Sweet Briar students return to campus this week — classes begin on Thursday — and the summer, at least for those in the academic world, comes officially to a close. Meanwhile, here is a wonderful (and long and eloquent) 2008 interview with Marilynne Robinson from The Paris Review, in which she talks about Housekeeping, her first novel, and also about Gilead and Home.
In answer to the question of what she feels is most important to teach students of writing, she offers the following advice: “What they have to do first,” Robinson says, “is interact in a serious way with what they’re putting on a page. When people are fully engaged with what they’re writing, a striking change occurs, a discipline of language and imagination.”

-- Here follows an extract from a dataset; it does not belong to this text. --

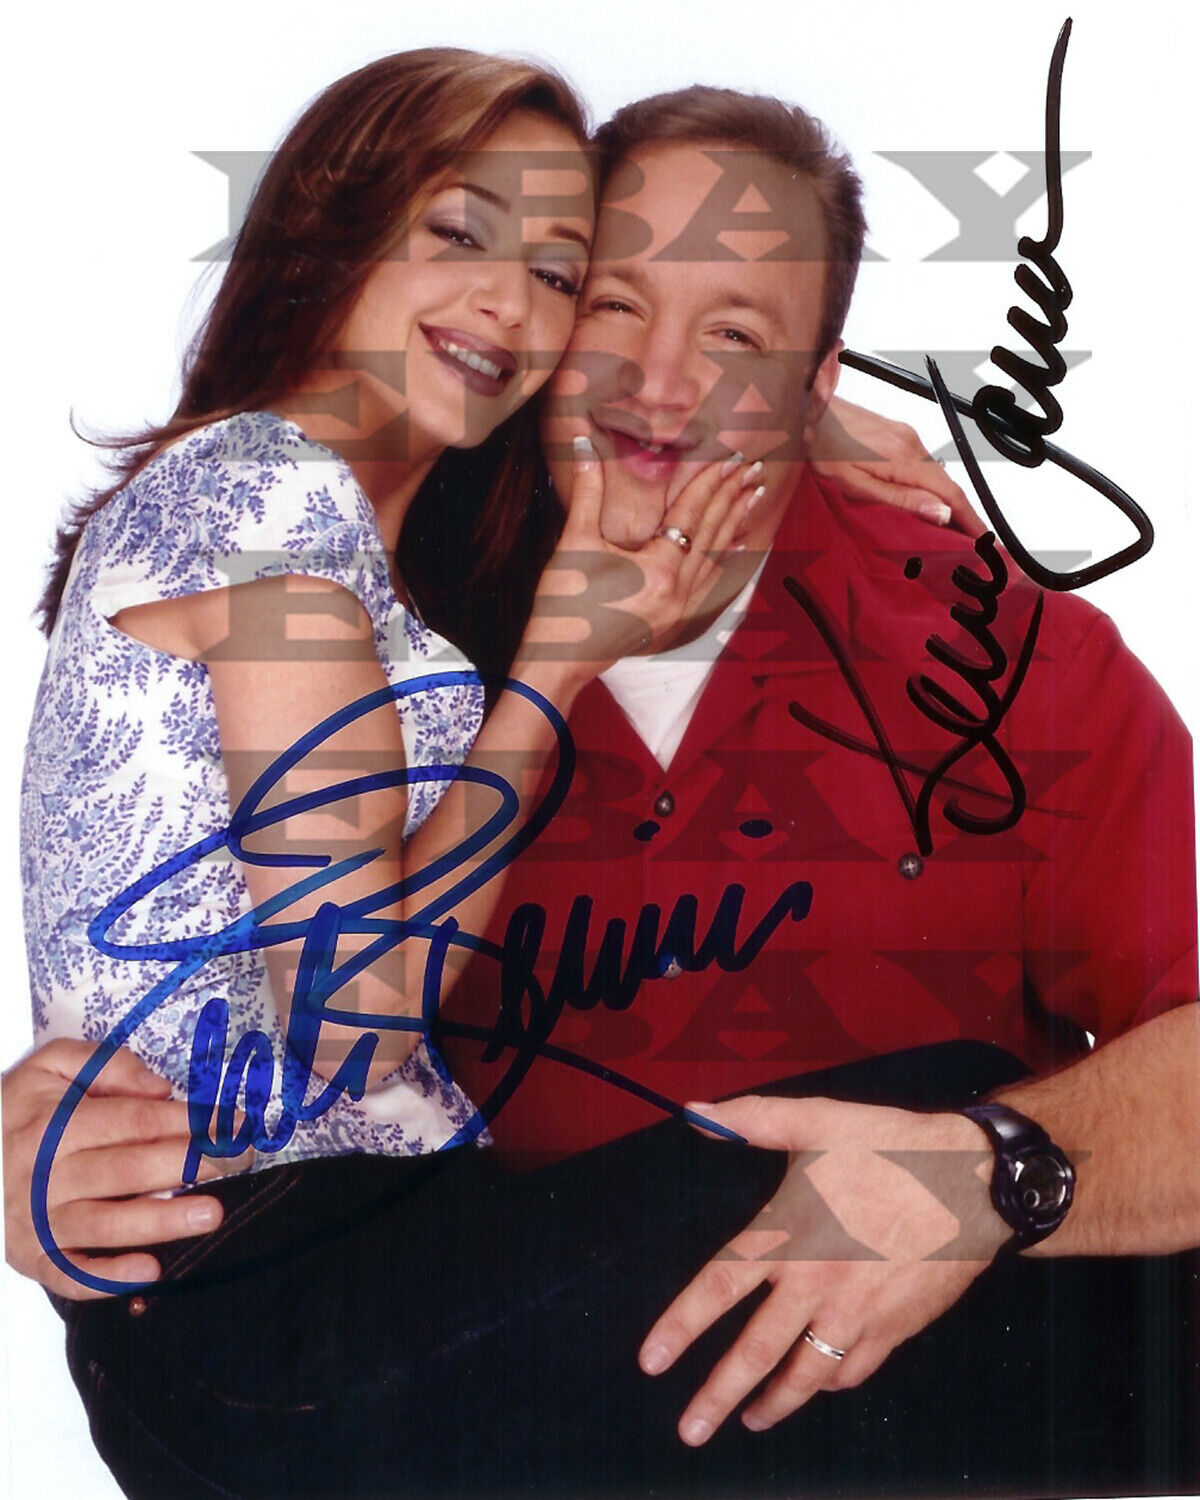 Kevin James & Lieh Rhemini Autographed Signed 8x10 Photo Poster painting Reprint
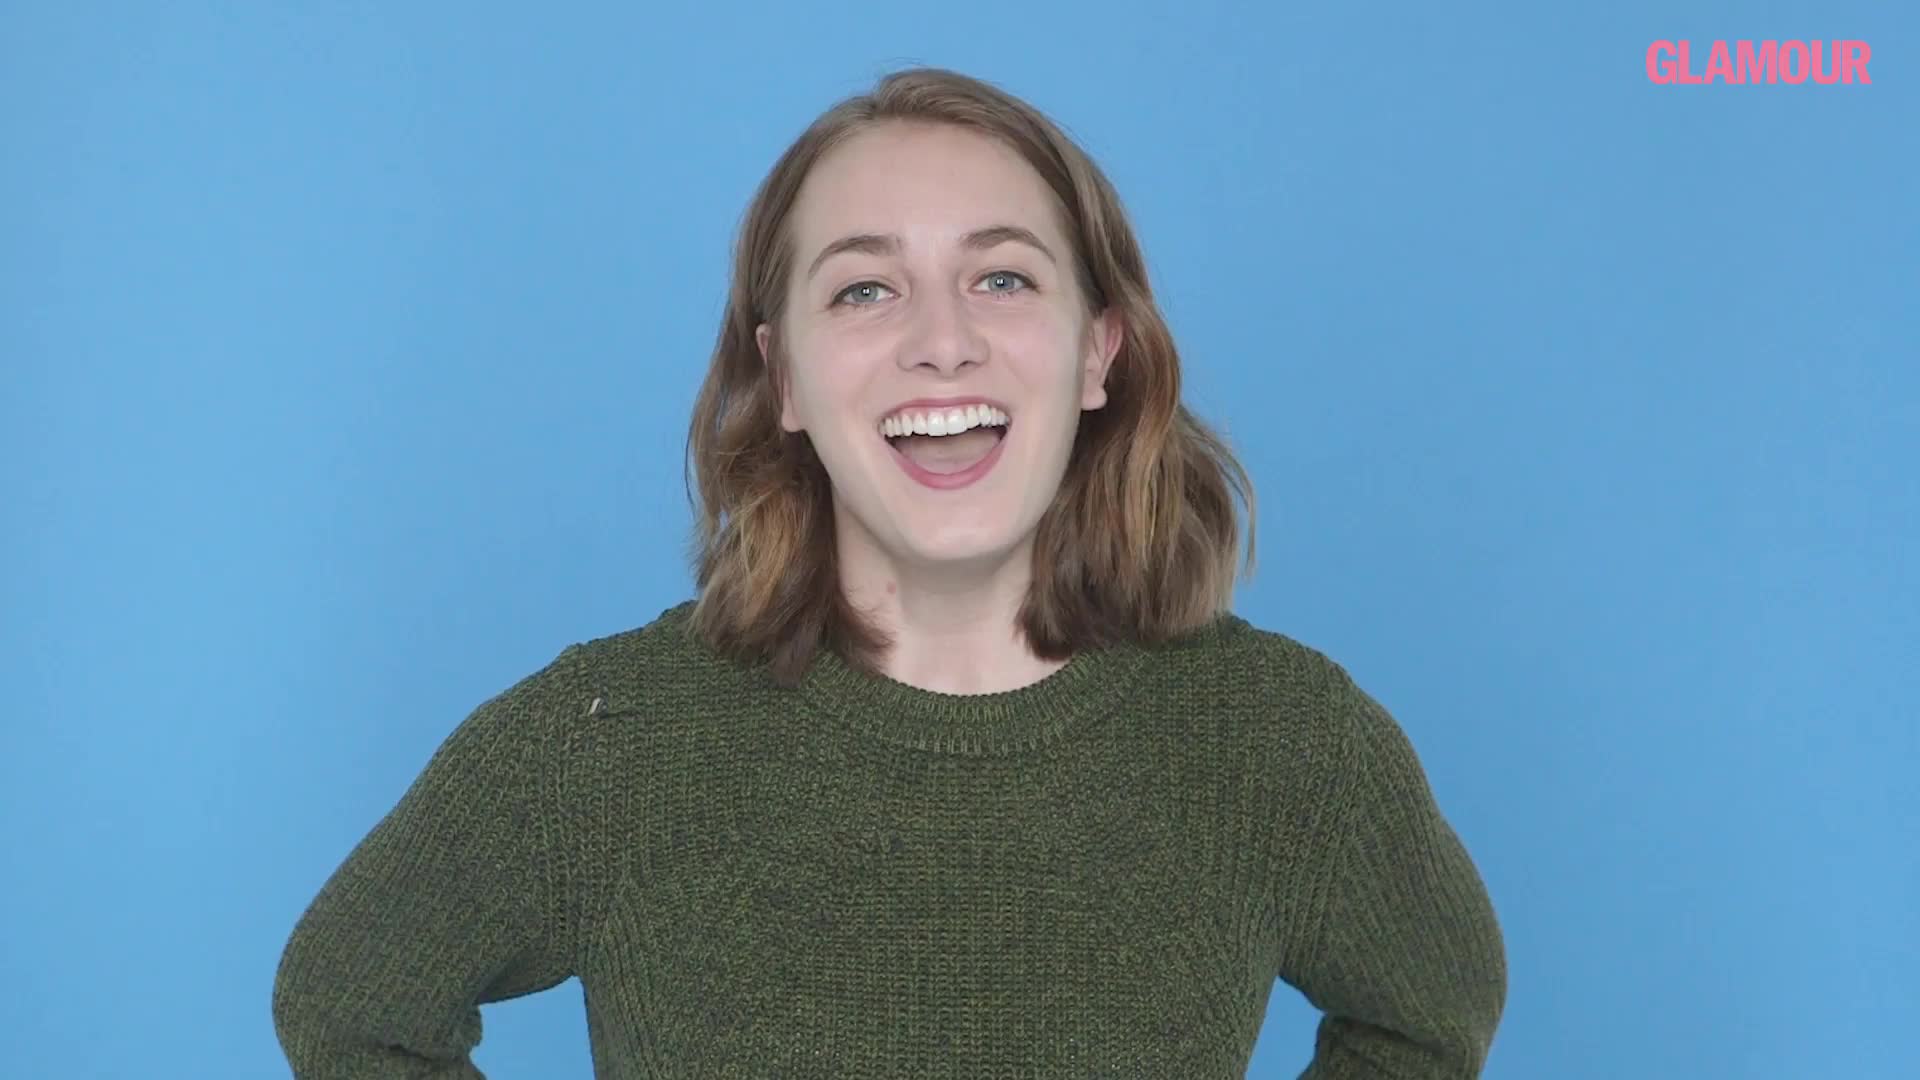 16 Women Talk About Their First Time Having

There are a great many reasons that young students might fail to “interact in a serious way,” as Robinson says, with what they’re writing. Chief among those reasons, perhaps, is fear — fear of failure, fear of appearing foolish, fear of revealing oneself too fully. Fear probably trumps lack of time and energy, as well as lack of talent and initiative, as explanations for why a story doesn’t get written. (Actually, YouTube and Facebook are right up there, as well.)
In any case, there is no such thing as being truly fearless, I think, but courage is a fine companion for any journey, including the start of a semester. So as the academic year begins, I wish for the writers here (and everywhere) the will and the bravery to be “fully engaged.”